One option is to just turn off plugin processing when the new
$TWiki::pageMode is 'rss' - this would prevent this and any future plugin problems with RSS. Since RSS has a strict format there is no point running normal skins, for example, and any plugin processing done on the topic summary is probably not essential.

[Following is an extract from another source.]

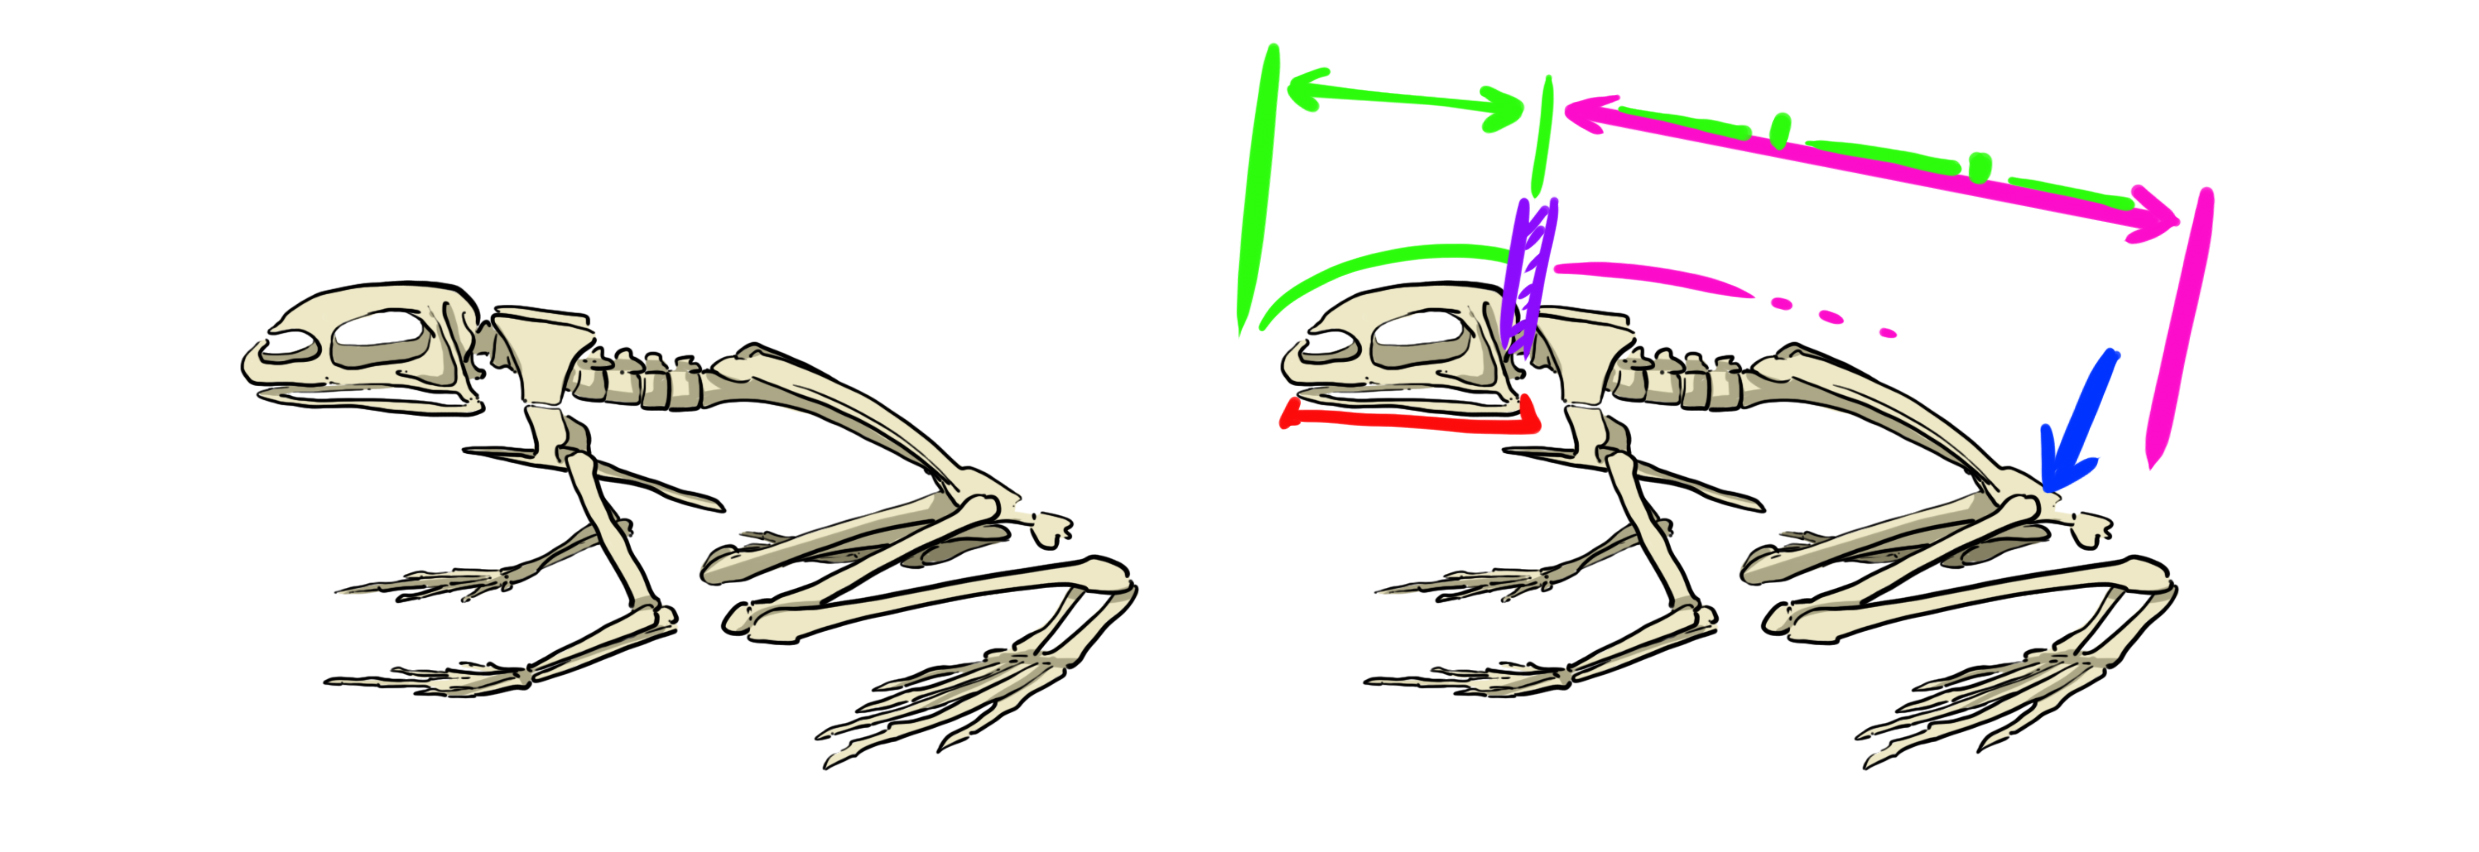 dessin schématique du squelette du crapaud vue de profil

Alternatively, we could allow plugins to register so that they are run in 'rss' $pageMode - I think the default should be not to run them, since in most cases they are not relevant or actually harmful to the RSS feed.
--
RichardDonkin - 11 Dec 2002
The IMG or any non
RDF tag is not allowed by the RSS definitions. If you need to put this or any non-rdf spec tag into the field, the right way is via the RSS 2.0 definition. To do it, you define a namespace which allows the the feed to correctly use the IMG or any other valid
XHTML tag.
--
TomKagan - 11 Dec 2002
Good to have confirmation of this. Turning off plugin processing is one idea to remove IMG etc, but this could happen with other tags as well that are inserted by hand at the top of the topic (e.g.
<font>).
What's really needed is a 'strip
HTML markup' statement that is applied in
makeTopicSummary when $pageMode is 'rss', i.e. when building an RSS feed. Time to break out the
Jeffrey Friedl book
again

(Oops, another smiley, but not in the first two lines fortunately...)
--
RichardDonkin - 11 Dec 2002
Normal
HTML tags in the topic text are not a problem because they are stripped by the topic summary function. The img tag is added after that by the plugin. For now I filter out img tags in case the skin has 'rss' in it. That solves the RSS feed problem with smilies, see
Sandbox.TestSmiliesForWebRss
--
PeterThoeny - 02 Jan 2003